Patient Information Sheet
Plantar warts are warts on the bottom of the feet. The word "plantar" refers to the sole of the foot. It has nothing to do with farming. Warts on the bottom of the foot are harder to cure than warts in more common areas. Occasionally, they won't go away even after months of treatment at weekly intervals. There is a reason for this. Every time you step on your foot, the entire weight of you body pounds the wart deeper into your foot. The longer you wait to start treatment, the harder and more expensive it is to get rid of plantar warts.
Anything that drives the wart deeper into the skin will make the wart worse. Some of these factors are:
- Playing vigorous sports
- Shoes that are too tight
- Standing for long periods of time
A wart is like an iceberg. What you see on top is just a small part of what's underneath.
I will suggest we use the treatment that seems best based on my training and experience. I have treated thousands of warts. Instead of using one big treatment that hurts a lot, I like to use a series of small treatments each of which may hurt a little but is tolerable. First, I trim away the thick outer layer of dead skin down to where the wart starts to bleed. Don't worry. It's not your normal skin bleeding. The wart has its own abundant supply of blood vessels. The wart hides under the thick layer of dead skin. I know it does not seem to you as though there is a thick layer of dead skin on the bottom of your foot, but there is. Then I apply a small drop each of three acids. Each one kills the wart in a slightly different way. Phenol stings a little at first, but then it gets numb. Nitric acid burns a little and turns the skin brown. The brown color is temporary. Bichloroacetic acid is the second strongest acid used in medicine and the strongest I ever use. Usually it does not hurt a lot. After allowing the acids to work, I neutralize them with an alcohol pad. At this point, you can see a slightly yellow area in the middle of the wart. This yellow area is what's left of the wart.
Finally, I tape a pad of 40% salicylic acid over the wart. Your job is to keep it on all week. If it comes off, tape it back on at home. I use water resistant adhesive tape. When you take your showers at home, try to make them brief, quick, in and out. The night before you return for your visit, you may treat yourself to the luxury of removing the tape and plaster and taking a long shower or bath. When you peel off the tape, a big chunk of dead white skin will come off. That's okay. That's what we are trying to do.

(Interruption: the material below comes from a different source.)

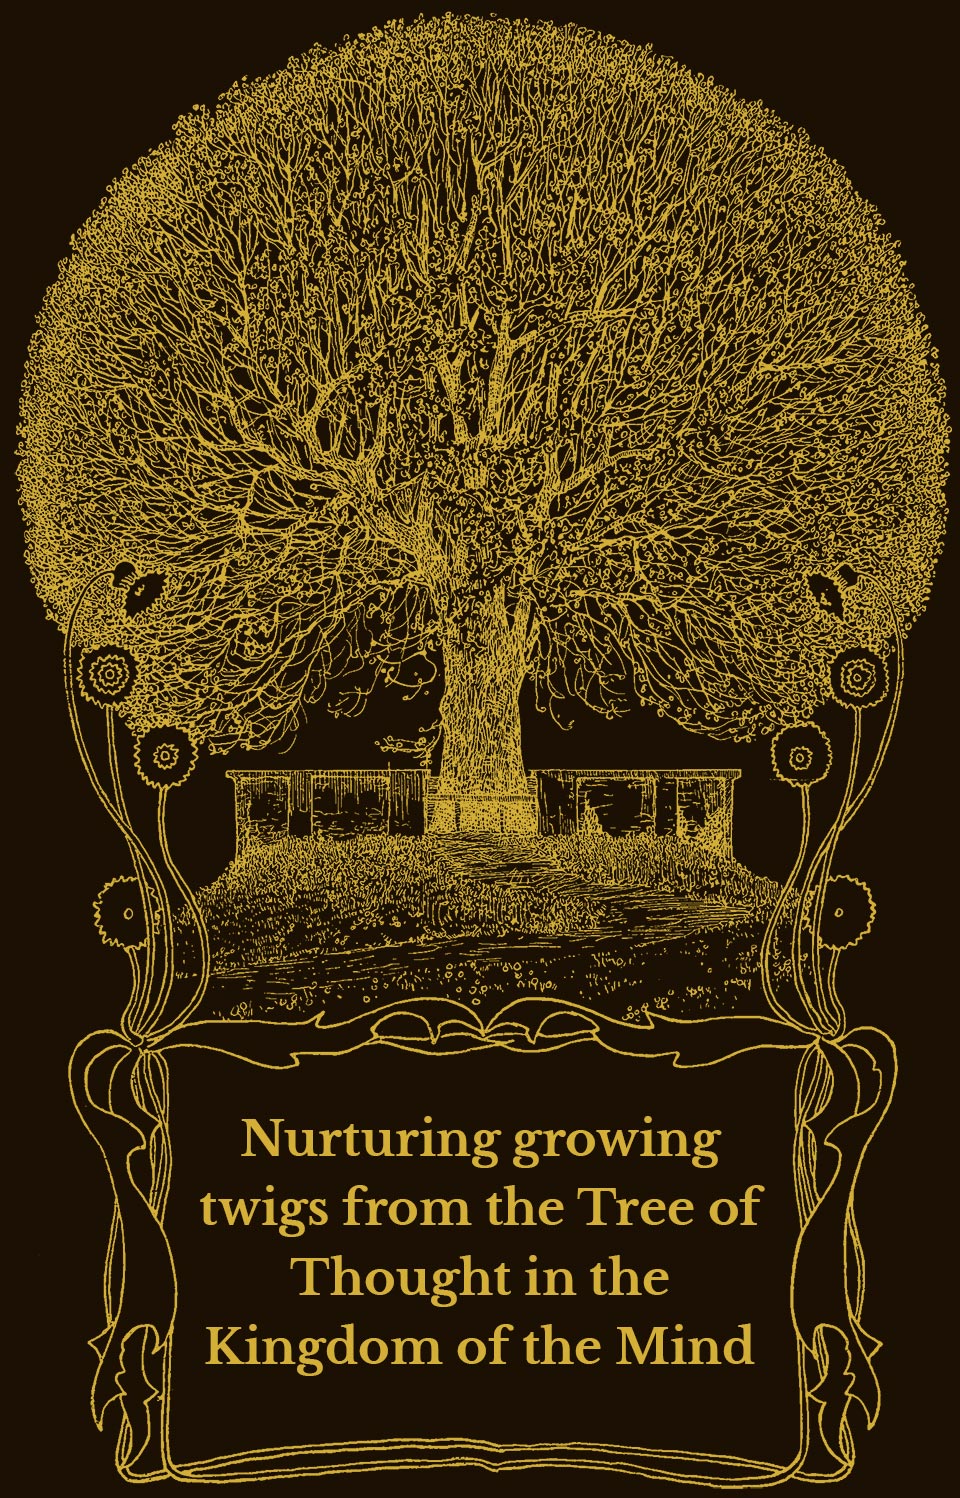 Nurturing growing twigs from the Tree of Thought in the Kingdom of the Mind

The major complication of wart treatment is infection. If pus occurs, let me know so that I can phone in a prescription for an antibiotic to your drug store. It is okay to call me at home if it gets infected on the weekend. I won't charge you for a phone call for infection in your wart, so there is no reason not to call. If you cannot reach me, ask your family doctor to prescribe an antibiotic for you or go to the emergency room at the hospital. The risk of getting infection in the wart is small.
It is helpful to boost your cell-mediated immunity by taking Tagamet 400 mg twice a day. For children, the does is 100 mg twice a day.
There are two forms of plantar wart treatment that I discourage.
- Excisional surgery is cutting out the wart and putting in stitches. This often fails and it can leave a permanent painful scar.
- X-ray treatment. X-ray works but there is a small risk that it can produce skin cancer 15-30 years later. I do not feel the risk is worth it.
What You Can Do
- While the wart is being treated, wear shoes that are a little larger to relieve pressure on the wart.
- At swimming pools and in shower rooms, wear rubber flip-flops or aqua socks so your bare feet do not touch the ground. This should cut down on reinfection with warts.
- If your feet sweat a lot, consider using a drying powder like Zeasorb. If you want to try Zeasorb, ask me for a free sample. Sweat spreads the virus.
- Try to keep the Salacid plaster on all week.
You will have to read and sign a copy of this before being seen by Dr. Tkach for your plantar warts.
Rev. Jan. 24, 2010 copyright Dr. Tkach
The information provided in these patient information sheets is offered for general informational and educational purposes only; it is not offered as and does not constitute medical advice. In no way are any of the materials presented meant to be a substitute for professional medical care or attention by a qualified practitioner, nor should they be construed as such.